In the Tesco film Mark Robertson of the Northumberland Cheese Company, John Boyle of Wylam Brewery and Jill McGregor of Borderfields – all of whom will be at Taste 2 – reveal how from unlikely beginnings all their businesses have become prizewinning success stories, helping to put North East food and drink on the national culinary map.

Wylam Brewery was set up in 2000 by John and friend Robin Leighton at Heddon-on-the-Wall, Northumberland, and from an initial six casks a week is now producing about 140 – with little or no marketing.

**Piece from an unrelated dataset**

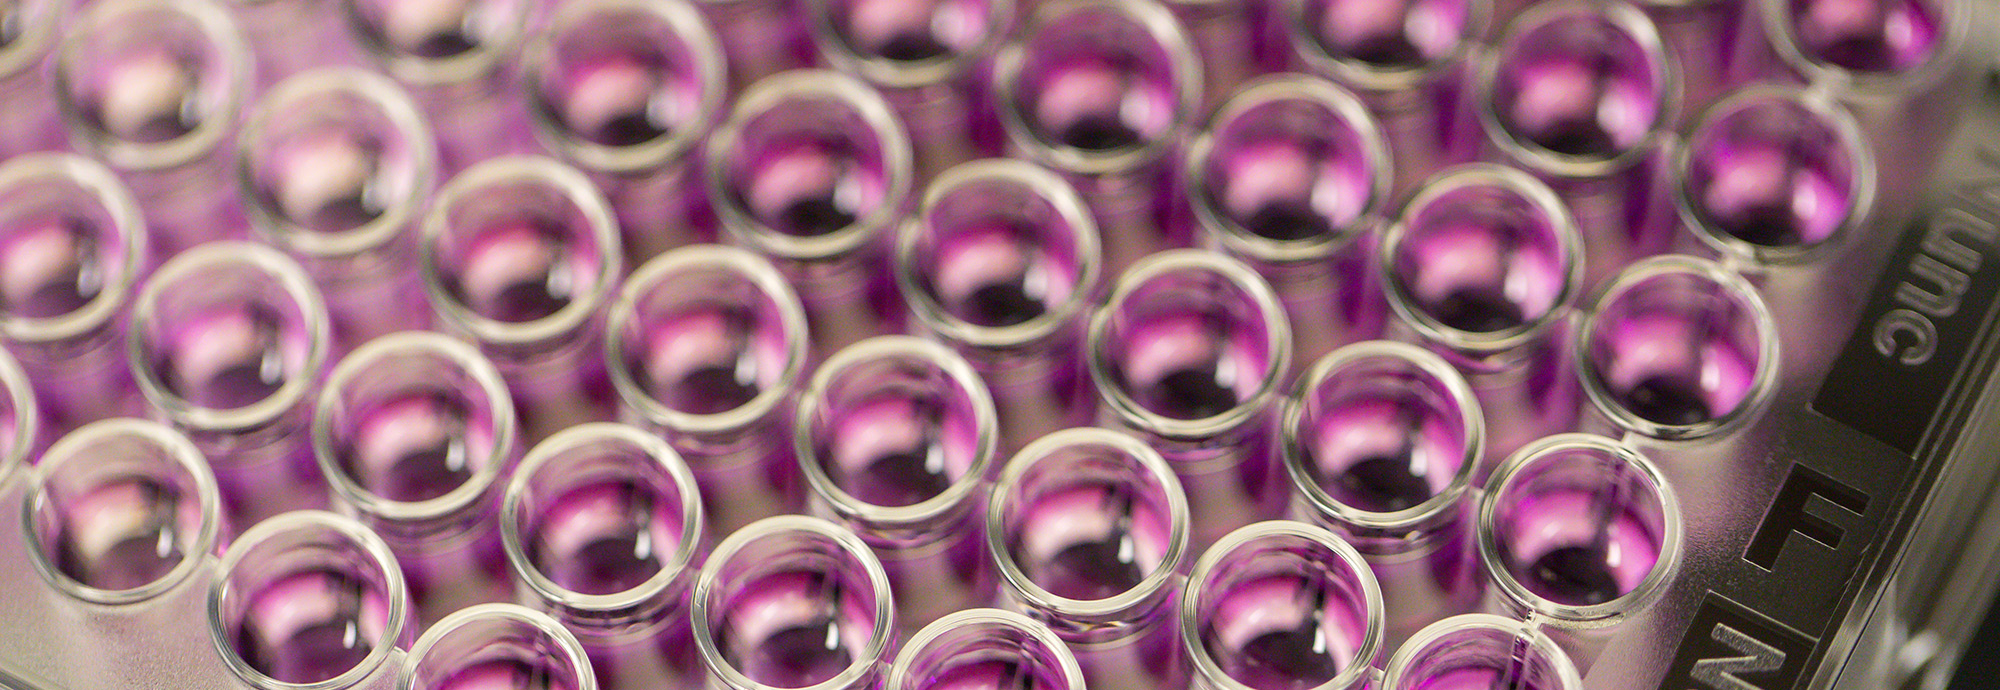 image of test tubes

But as John explains in the film, it is the “reputation of the product” that has driven the growth and seen Wylam now available in pubs from the Scottish Borders to Yorkshire and Lancashire.

The business developed out of Robin’s home brewing hobby. John, a retired computer engineer, used to be “paid” in Robin’s home-brew when the former merchant seaman had problems with his PC. The beer was so good, the pair decided to produce it commercially.

Wylam Rocket won last year’s regional Tesco Drinks Award and now goes to 90 of the chain’s stores. And at any one time seven beers are now being brewed from a range of 20 recipes, many with names celebrating local icons, such as Northern Kite, a ruby ale produced to mark the re-introduction of red kites into the area.

The Northumberland Cheese Company, at Blagdon, owes its beginnings to the “can do” attitude of the early 1980s.

“Following the victory in the Falklands War, everything seemed possible,“ Mark recalls. “Everyone could have a go and do something.”

The head of the Northumberland Cheese Company has clearly made this his motto. “That’s the kind of man I am. I have a go.” Cheese-making is clearly a passion for Mark, but it wasn’t his first. In 1974 he was a hill farmer near Otterburn, Northumberland, with 700 sheep. But incensed, among other things, by “the French cheese invasion”, he was spurred on to try making his own.

Offerings have grown from one cheese to 16, all of which champion the region with names such as Coquetdale, Cheviot, Kielder and Hadrian.

Now Mark’s cheeses can be found not only in Tesco shops but specialist stores across the country.

Border Fields, at Coldstream Mains in Berwickshire, is a farmers’ collective set up three years ago. But already its Oleifera Rapeseed Oil has won a coveted gold star at this year’s Great Taste Awards organised by the Guild of Fine Foods, while its Borderfields Cold Pressed Rapeseed Oil has recently gone on the shelves of 130 Tesco stores in the North and Scotland.

What comes across in the video is how passionate Mark, John and Jill are about their own products. As Jill McGregor says: “It is great that we actually all grow it ourselves and that we are involved in the whole process, which is very exciting.”

Tesco’s senior buying manager for the North, Alistair Robinson, is in no doubt of the importance of local food.

Interviewed at Wylam Brewery, he says: “Customers want to be able to buy more local product; now that fits in with what we are trying to do anyway because you are only successful in this game if you do what your customers want you to do.”